What is needed: Transcribe the whole listing below without changing a word, but leave out every image.

The data:
****************************************

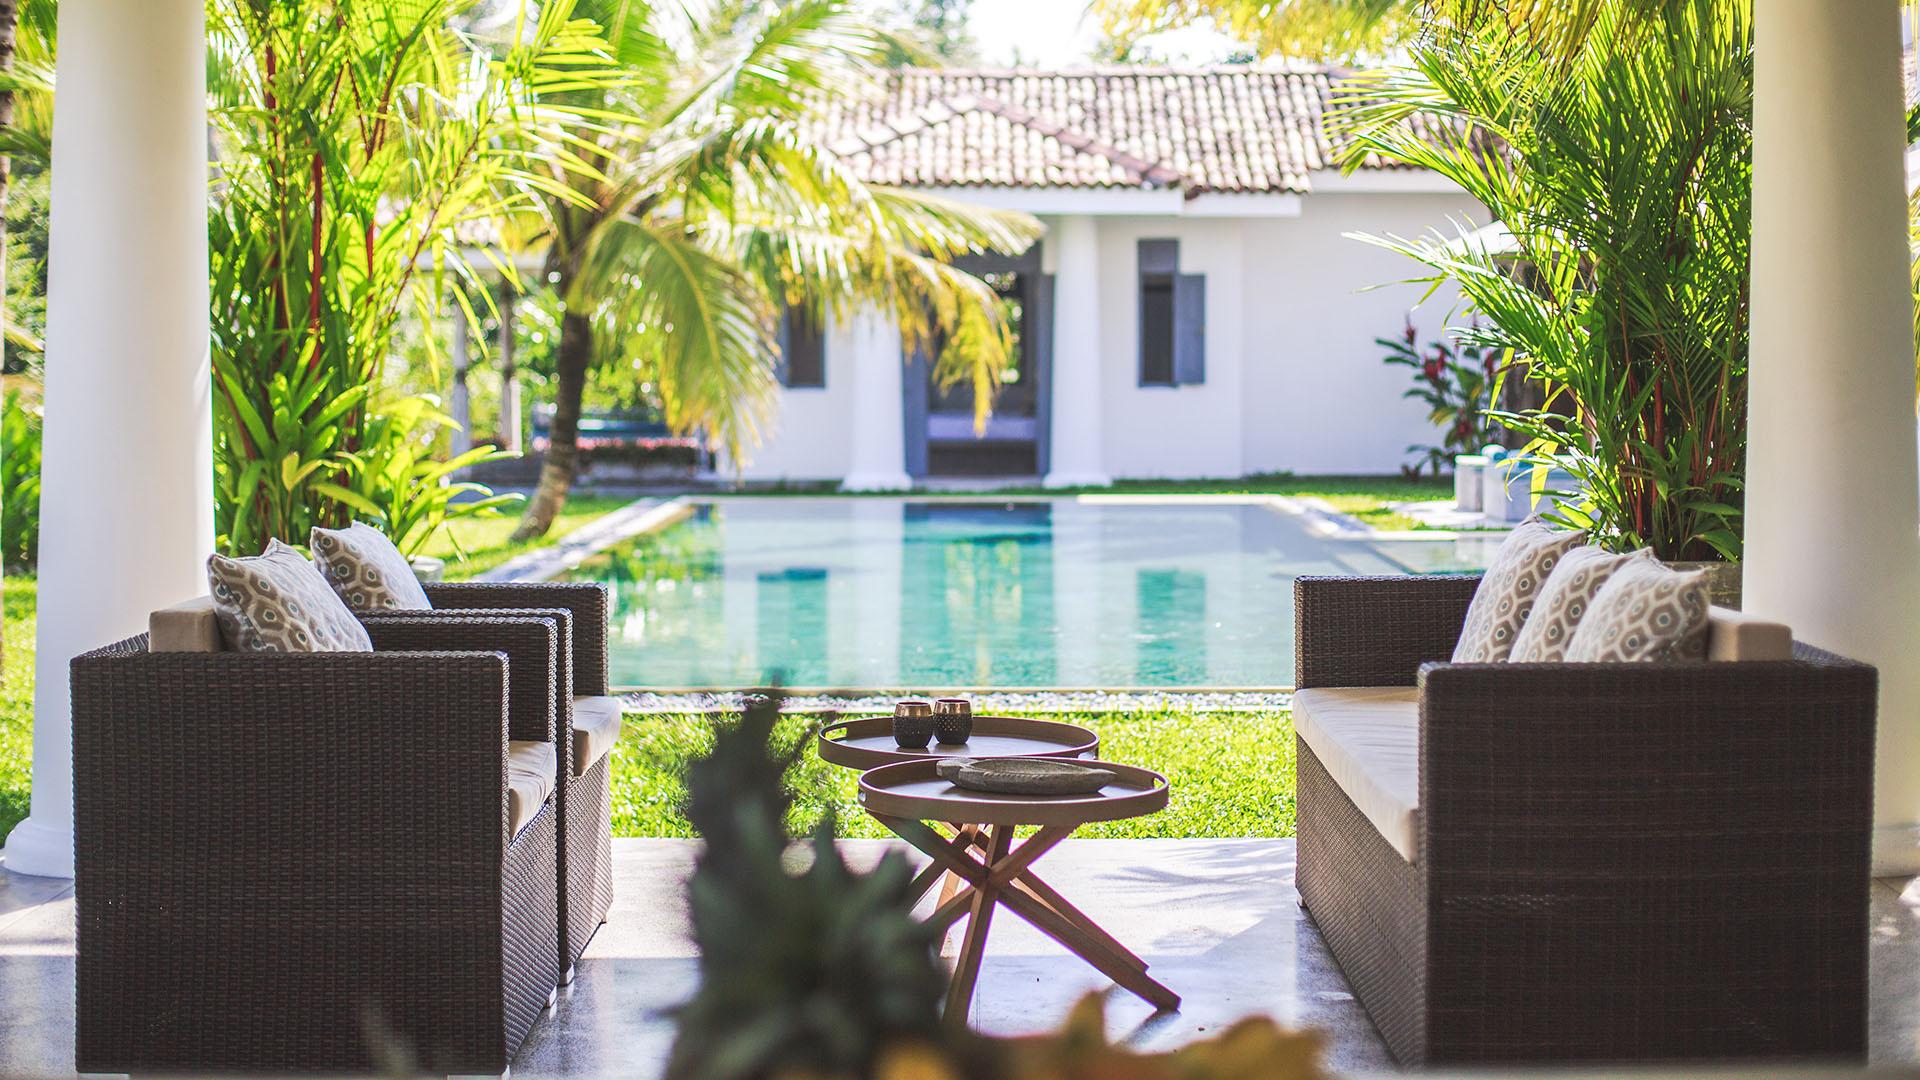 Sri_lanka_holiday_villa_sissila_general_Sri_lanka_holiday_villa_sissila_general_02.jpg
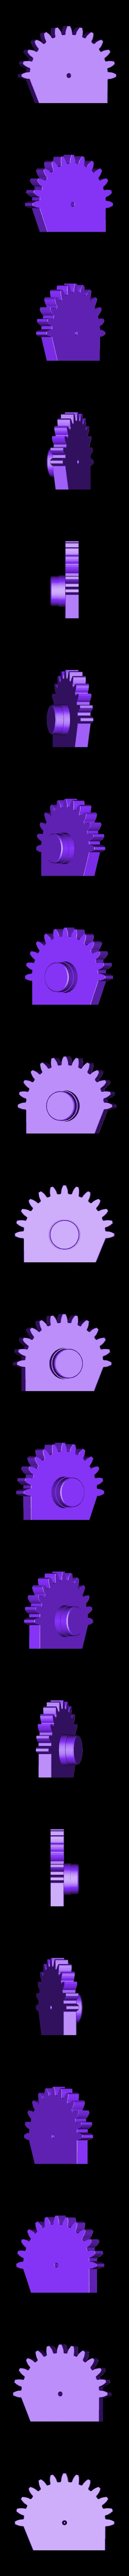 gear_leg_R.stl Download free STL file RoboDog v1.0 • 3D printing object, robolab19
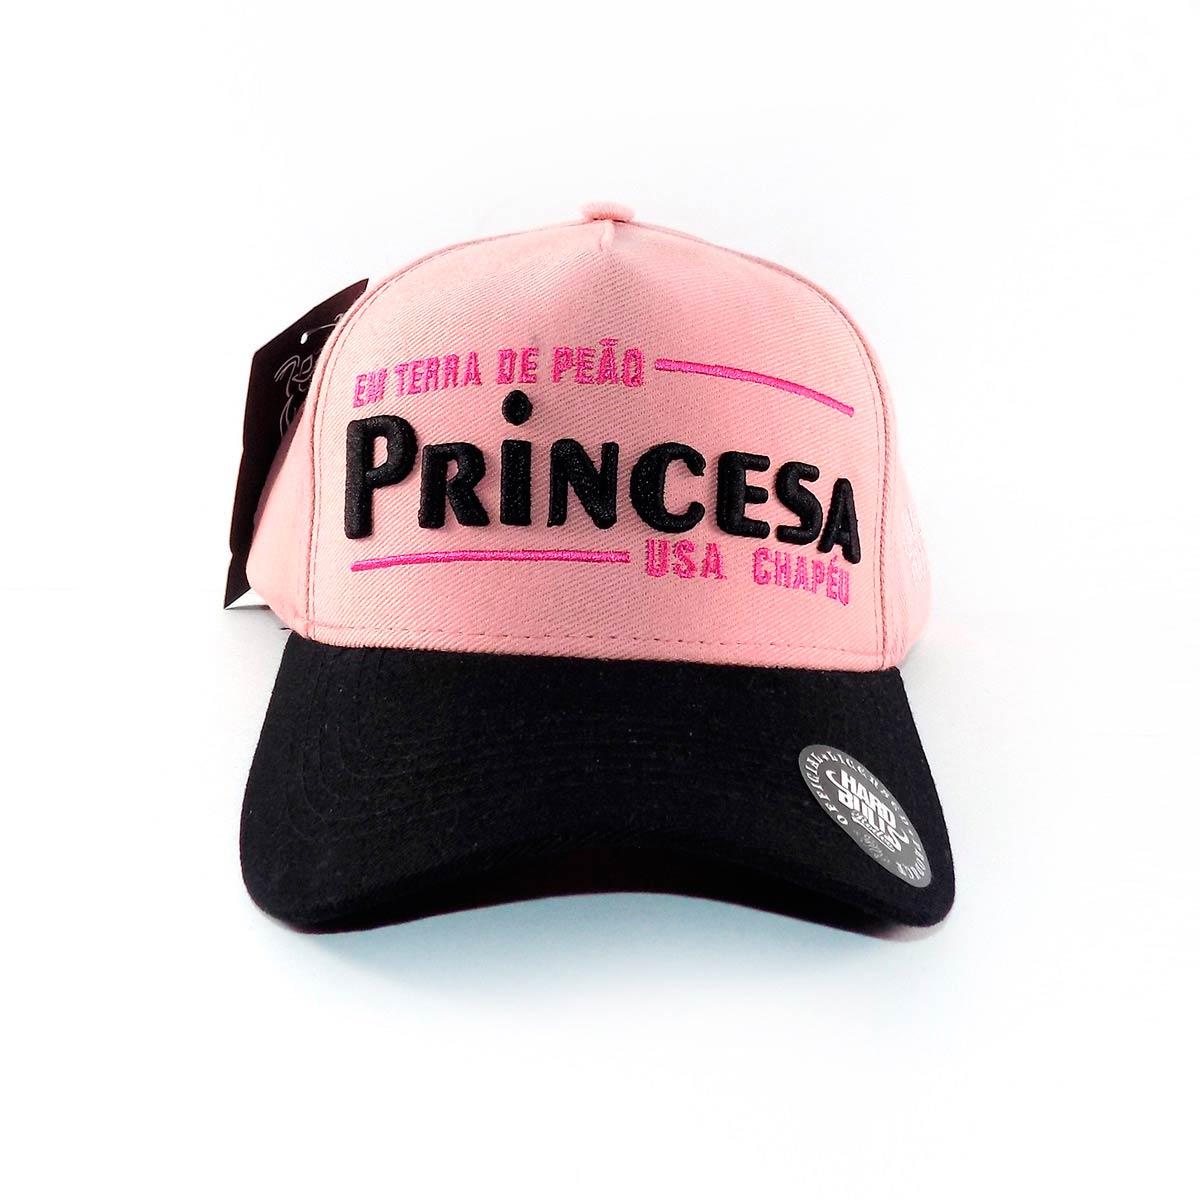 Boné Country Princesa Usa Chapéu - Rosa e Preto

****************************************

Answer section:
 Sri_lanka_holiday_villa_sissila_general_Sri_lanka_holiday_villa_sissila_general_02.jpg
 gear_leg_R.stl Download free STL file RoboDog v1.0 • 3D printing object, robolab19
 Boné Country Princesa Usa Chapéu - Rosa e Preto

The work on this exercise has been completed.